Researchers to examine source of artifacts smuggled from Türkiye

Researchers to examine source of artifacts smuggled from Türkiye

ISTANBUL

With a project initiated by state museums in Berlin for the return of smuggled historical artifacts, a team of Turkish and German historians will examine the source of the objects found at the archaeological sites in Zincirlihöyük, Didim and Samarra.

The researchers will focus on whether the excavation process of historical artifacts belonging to different geographies exhibited in museums in Berlin or their arrival in Germany constitutes illegality.

Including Turkish and German researchers, the pilot project firstly will examine the source of objects at the archaeological sites in Zincirlihöyük in the southeastern province of Gaziantep, Didim in the southwestern province of Aydın and Samarra in Iraq, the territory of the Ottoman Empire.

If, as a result of research, it turns out that the excavation works were unauthorized or it is understood that historical artifacts were smuggled, return protocols will be applied between the countries.

It was also emphasized that this project may also pave the way for the return of many historical artifacts smuggled from Türkiye.

Origin studies in Germany have so far focused on artworks and colonial-era acquisitions potentially looted by the Nazis.

“Visitors increasingly want to know where objects came from,” Hermann Parzinger, head of the Prussian Cultural Heritage Foundation, said at a news conference in Berlin.

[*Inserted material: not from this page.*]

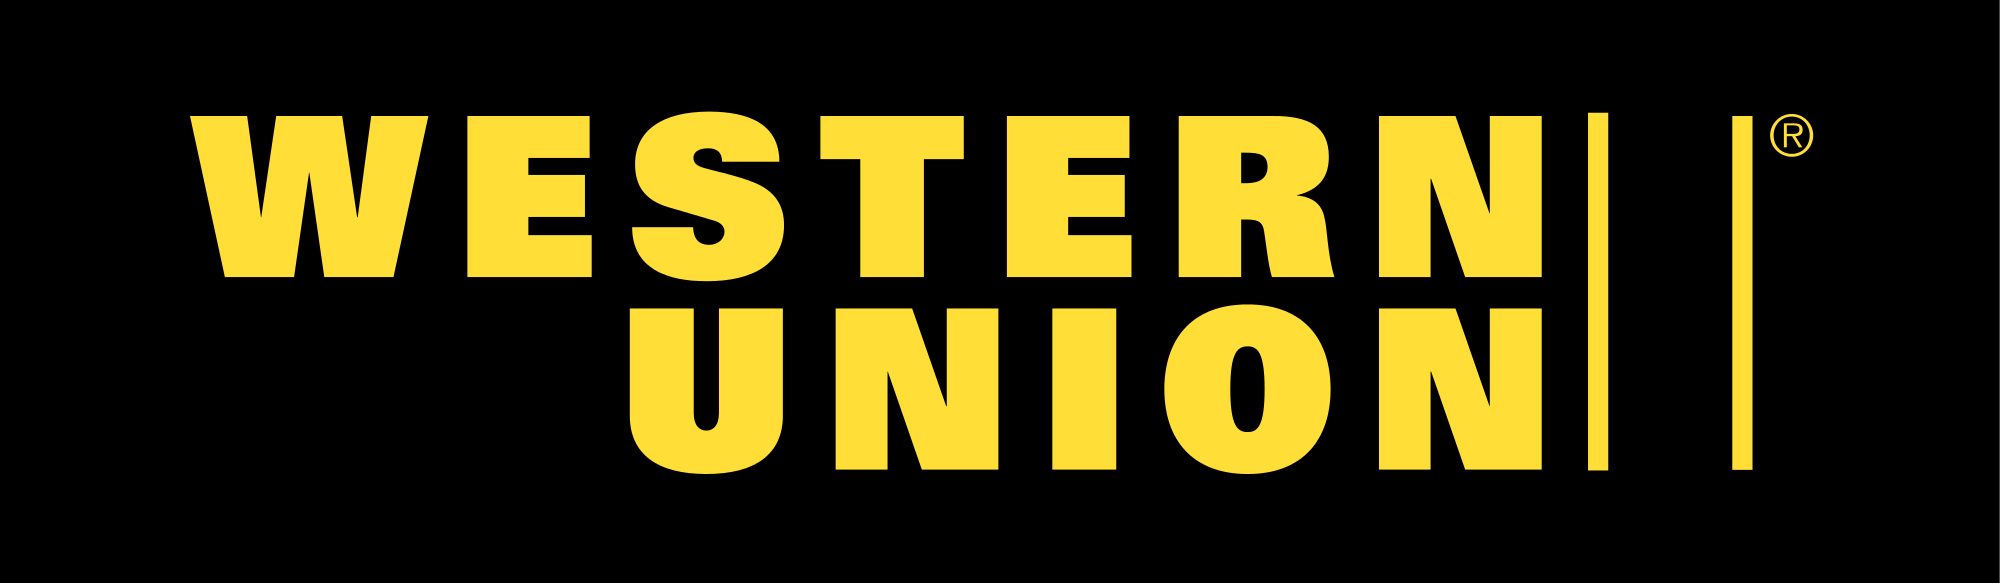 Clientes-Alumividrio-Western-Union

In the excavations of the 19th and early 20th centuries, permits granted to foreign teams often included agreements in which unearthed items were distributed between visiting archaeologists and the host country.

On the other hand, Christina Haak, deputy director of the Berlin State Museums, said that these agreements are often violated and findings were taken illegally.

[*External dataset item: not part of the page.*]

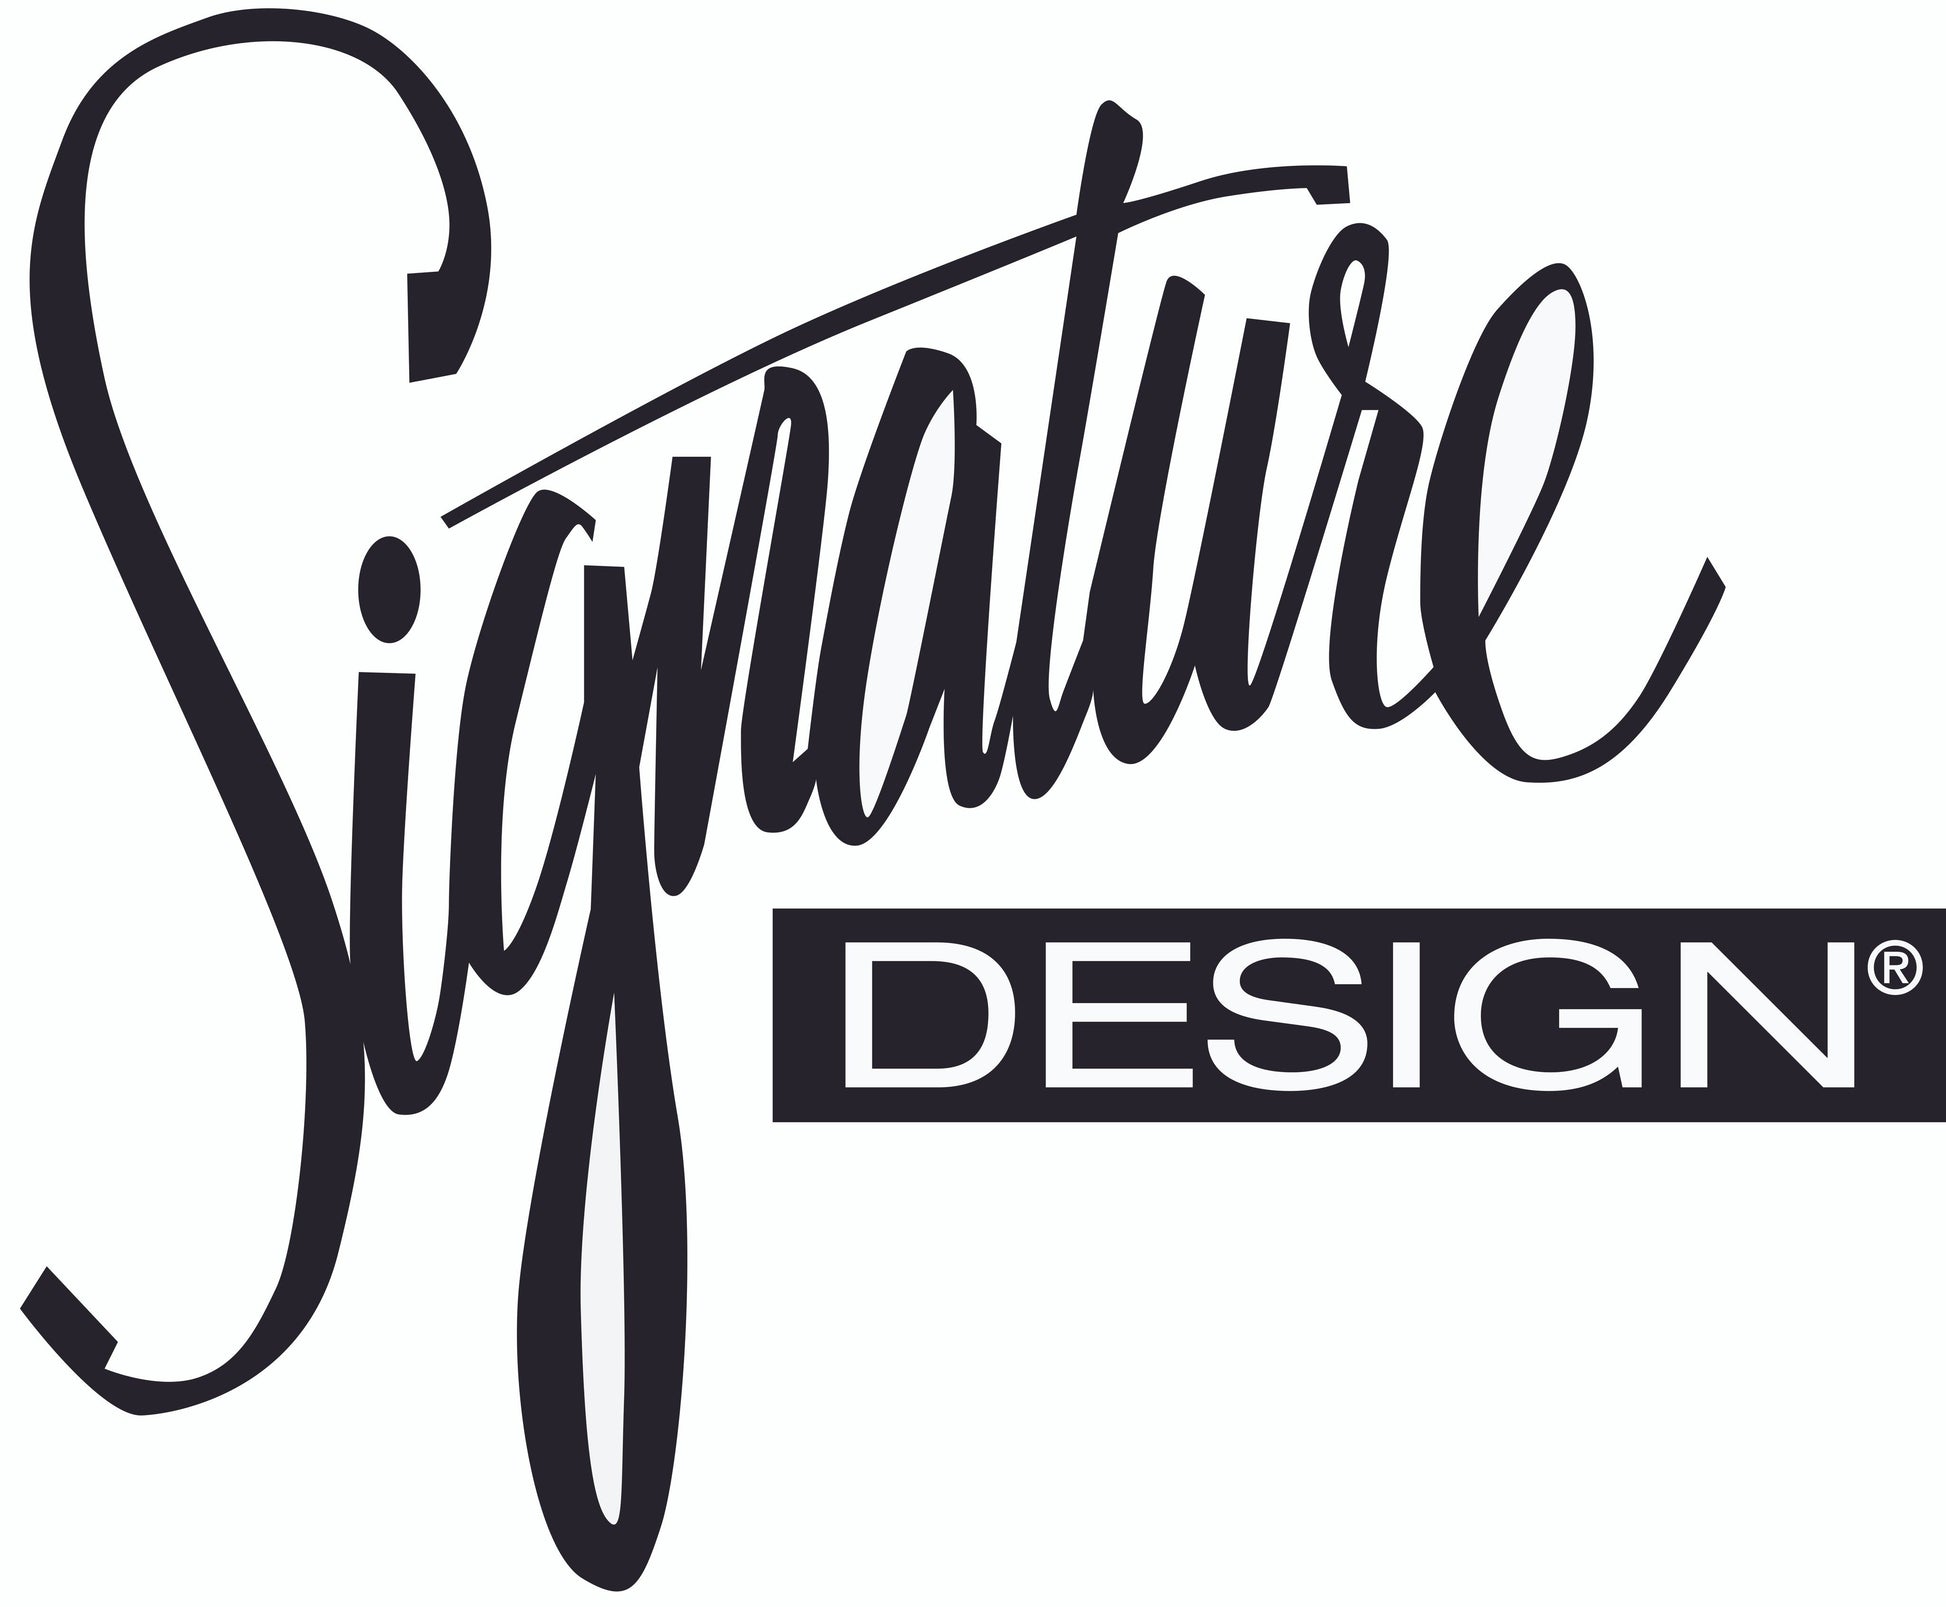 Garinton Ceramic Table Lamp (1/CN) Signature Design by Ashley®

The three archaeological sites whose objects are being investigated in the pilot project are located in the Ottoman Empire, Haak added.

Martin Maischberger, deputy director of the classical antiquities collection, said that some suspicious cases need to be investigated.

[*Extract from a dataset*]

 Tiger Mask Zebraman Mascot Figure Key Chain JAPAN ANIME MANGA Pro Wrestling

Maischberger said about 8,000 photos in the Berlin archives can provide vital clues as how to excavated objects were handled.

The museums are also preparing an exhibition examining the archaeological cooperation between Germany and the Ottoman Empire in the coming period.

One of the most important works in Berlin smuggled abroad from the territory of Türkiye is the Pergamon Altar.

The Turkish authorities have been making efforts for many years to return the Pergamon Altar, which was smuggled from Türkiye to Prussia in the 1870s and is currently on display in Berlin, to its home.

This project might pave the way for the return of the altar to its home.